Арендт на цыпочках вышел из комнаты.
– Александр Сергеевич уснул. Не тревожьте его, – сказал он Наталье Николаевне.
Но Арендт ошибся: Пушкин не спал. Ему оставалось слишком мало жить, чтобы он мог тратить время на сон. Пушкин снял с пальца перстень и положил его рядом с канделябром.
Что ж, враги не обижены, они свое получили. Но не следует забывать и о друзьях… А друзей у него всегда было много, во много раз больше, чем врагов.
Перед ним мелькали, сменяя друг друга, лица Дельвига, Жуковского, «отца-кормильца» его музы, Пущина, Кюхельбекера, Карамзиных, Раевских, Чаадаева, Вяземского, Виельгорского, Данзаса, Даля, Гоголя… Да, у него было много друзей. Было?.. Нет, он жив. Пока еще жив…
Ночью боли достигли предела, и поэт попросил камердинера принести ему средний ящик из письменного стола. В ящике лежали пистолеты.
Данзас, которому камердинер тотчас же сообщил об этом, обнаружил их уже спрятанными под одеялом.
Пушкин, стиснув зубы, тяжело дышал. Данзасу показалось, что он его не узнает.
Пистолеты были кухенройтерские, с серебряными скобами и серебряной насечкой на стволах. Таких пистолетов у Дантеса не было, поэтому пистолеты для дуэли заказывались в оружейном магазине Куракина. Данзас вздохнул и положил пистолеты на место.

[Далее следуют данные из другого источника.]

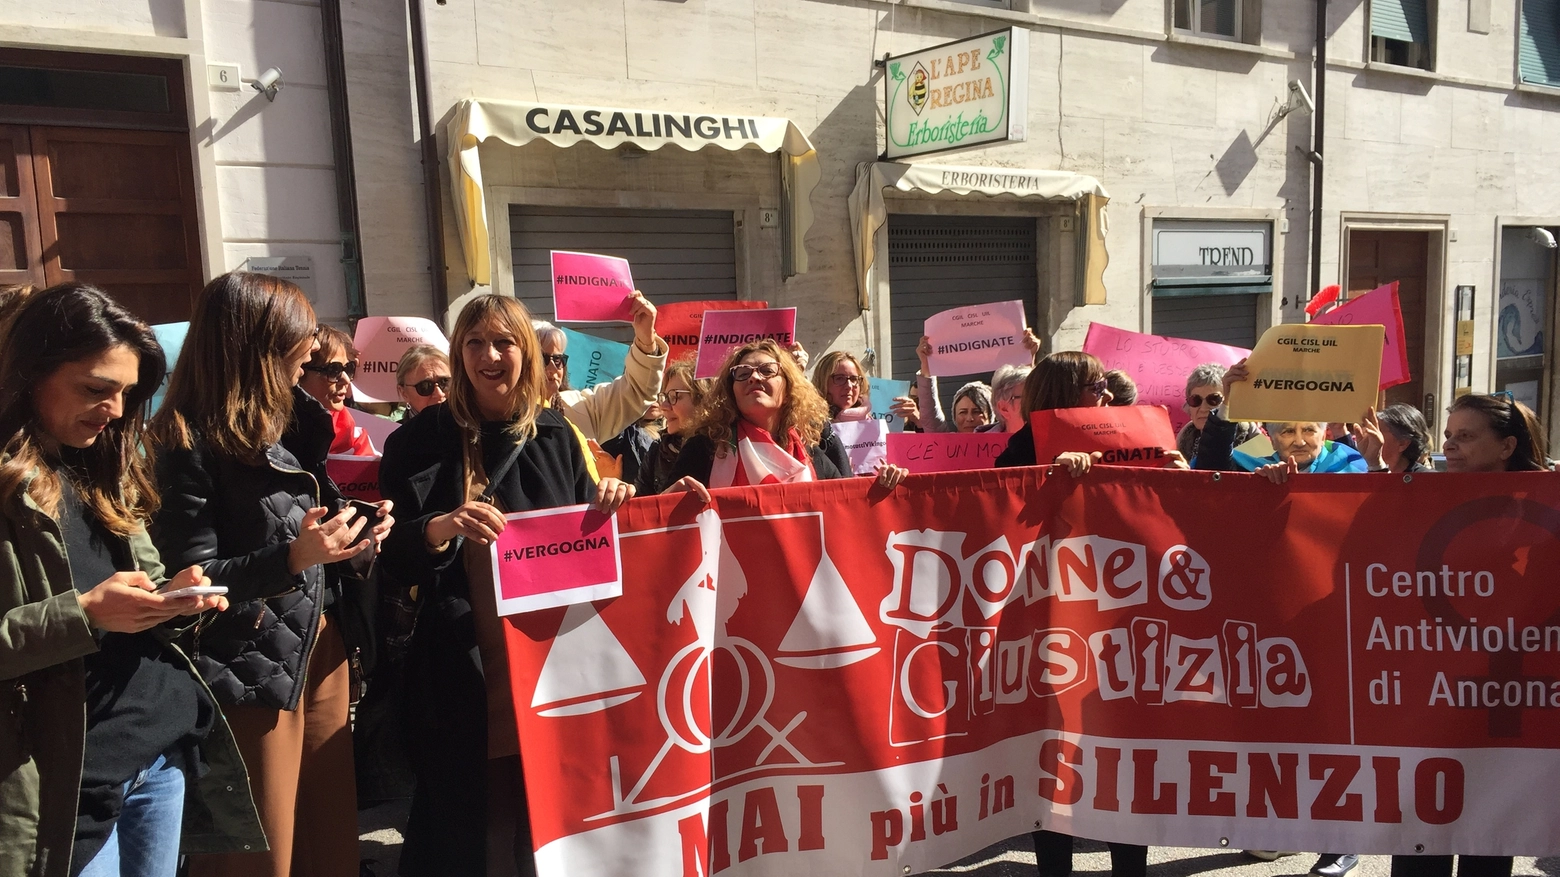 Sentenza choc, flash mob sotto la Corte di Appello di Ancona

Утром Пушкину стало немного легче. Днем он разговаривал с Жуковским и Карамзиной, шутил с Далем.
Появилась надежда на выздоровление.
Но на следующий день всем, за исключением, может быть, Натальи Николаевны, стало ясно: Арендт не ошибся – поэт обречен, жизнь покидала его измученное тело.
Пушкин умирал, и вместе с ним умирали его невылившиеся в строчки замыслы.
Незадолго до смерти поэт попросил морошки. Он ел заснеженные ягоды и приговаривал: «Ах, как хорошо!»
А через несколько минут после того, как Наталья Николаевна передала камердинеру пустую тарелку, Пушкина не стало.